There's always something to learn (from your students)

One thing I've learned from teaching is that there's always something new to learn. For the kids, yes, but I'm talking about for the teacher.

The other day, I taught a lesson I've taught many times. Find the mode of a data set. That's the problem that they solve but the lesson is really about run time complexity, hidden complexity and using data structures in alternate ways.

I blogged about this before so you can get an earlier take there although the code isn't formatted correctly due to blog conversions.
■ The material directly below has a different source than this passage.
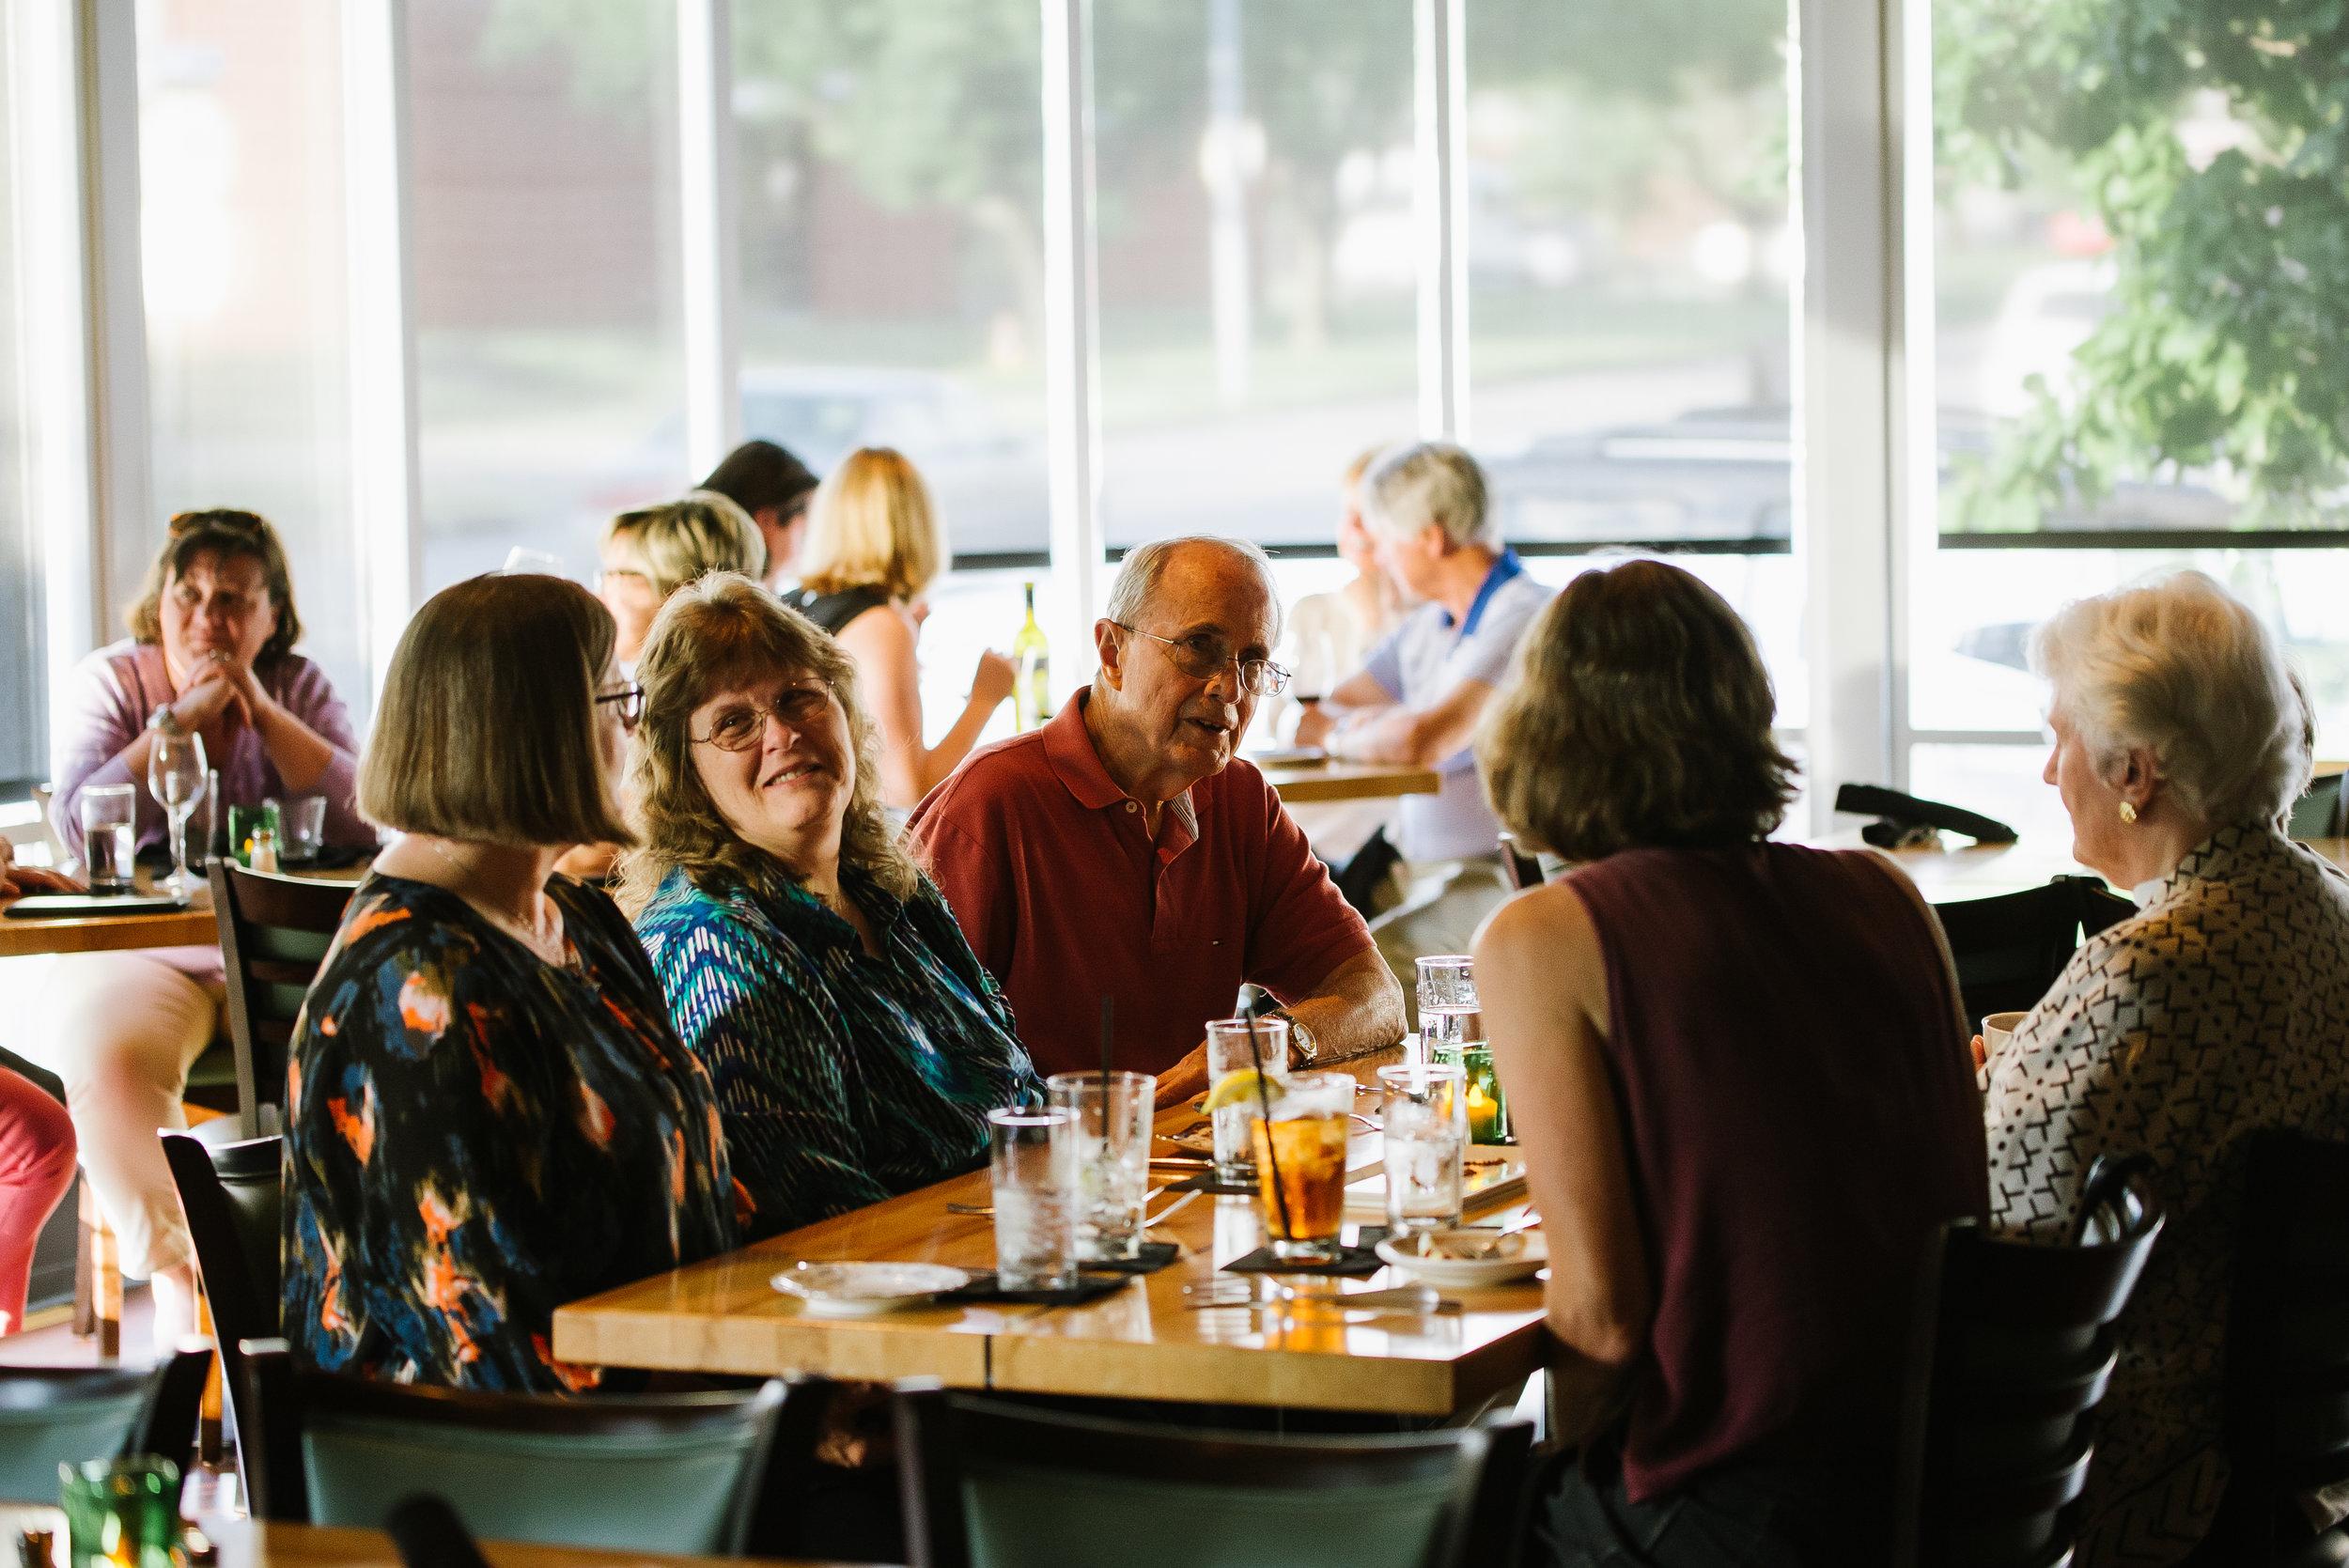 Alba Des Moines, Iowa Restaurant Table 6

As with the last time, the students had already written code to find the largest value in a list and also to find the frequency of an item in a list.

import random

def build_list(size,low,high):
l=[]
for i in range(size):
l.append(random.randrange(low,high))
return l

def get_max_value(l):
max_index=0
max_val=l[0]
for index,value in enumerate(l):
if value > max_val:
max_index = index
max_val = value
return max_val

def get_freq(l,requested_val):
count=0
for value in l:
if requested_val == value:
count = count + 1
return count

They had to write mode prior to the class. In the past, students would generally come up with something like this:

def get_mode_1(l):
mode_val = l[0]
mode_freq = get_freq(l,mode_val)
for index,value in enumerate(l):
f = get_freq(l,value)
if f > mode_freq:
mode_freq = f
mode_val = value
return mode_val

l=build_list(20,1,20)
m=get_mode_1(l)
    They'd use their existing knowledge and the 'find the largest' idiom to find the mode by:
  • find the frequency of the first item and assume it's the mode so far
  • for each item in the list
  • find the frequency of that idem
  • if it occurs more than the mode so far then it becomes the new
  • mode so far

There's a lot of good in this solution. The kids incrementally develop a solution, they use and exctend code and concepts they already know and understand and it's clear and understandable.

We would then run the code on larger and larger data sets and notice that it gets slow pretty quickly. This leads to an informal discussion of run time and the fact that there's hidden complexity -- the call to ~freq~ in the main loop introduces a linear component so we have a loop within a loop and an N^2 routine.

The big takeaway is get a feel for run time and to be aware of hidden complexity. We then move to a linear solution by using a list as buckets. You can read more about that in the original post.

What was interesting this time around was that most of the kids came up with a solution more like this:

def get_mode_2(l):
freqs = []
for item in l:
f = get_freq(l,item)
freqs.append(f)
mode_count  = freqs[0]
mode_value = l[0]
for index,value in enumerate(freqs):
if value > mode_count:
mode_count = value
mode_value = l[index]
return mode_value

l = build_list(20,1,20)
print(l)
m = get_mode_2(l)
print(m)

Instead of calculating the frequency inside the loop they made a list of frequencies. freq[0] had the frequency of l[0], freq[1] the frequency of l[1] etc. They then loop through that freq list to find the largest element and that's the index of the mode value in the original list.

It's functionally the same as the first solution but in some ways it's very different. They built the data set they needed ahead of time instead of calculating the data on the fly and they used the concept of parallel lists.

I like the solution and it didn't prevent us from getting to the run time stuff but this did give me something to think about.

Why did this class led them largely to a different solution than the classes I've taught in the class. There are a lot of things to ponder since it's a college class that meets twice a week with kids from a range of backgrounds (CS and otherwise) vs a high school class that meets 5 days a week and the kids all had the same in class experience prior to this lesson. Did I do something differently before hand? Some assignments? Something I modeled? I'm not sure but it's something I'm going to ponder.

It will interesting to see if this was a one shot deal and my current class will solve problems as I predict moving forward or if I'm going to get to see a lot of new things.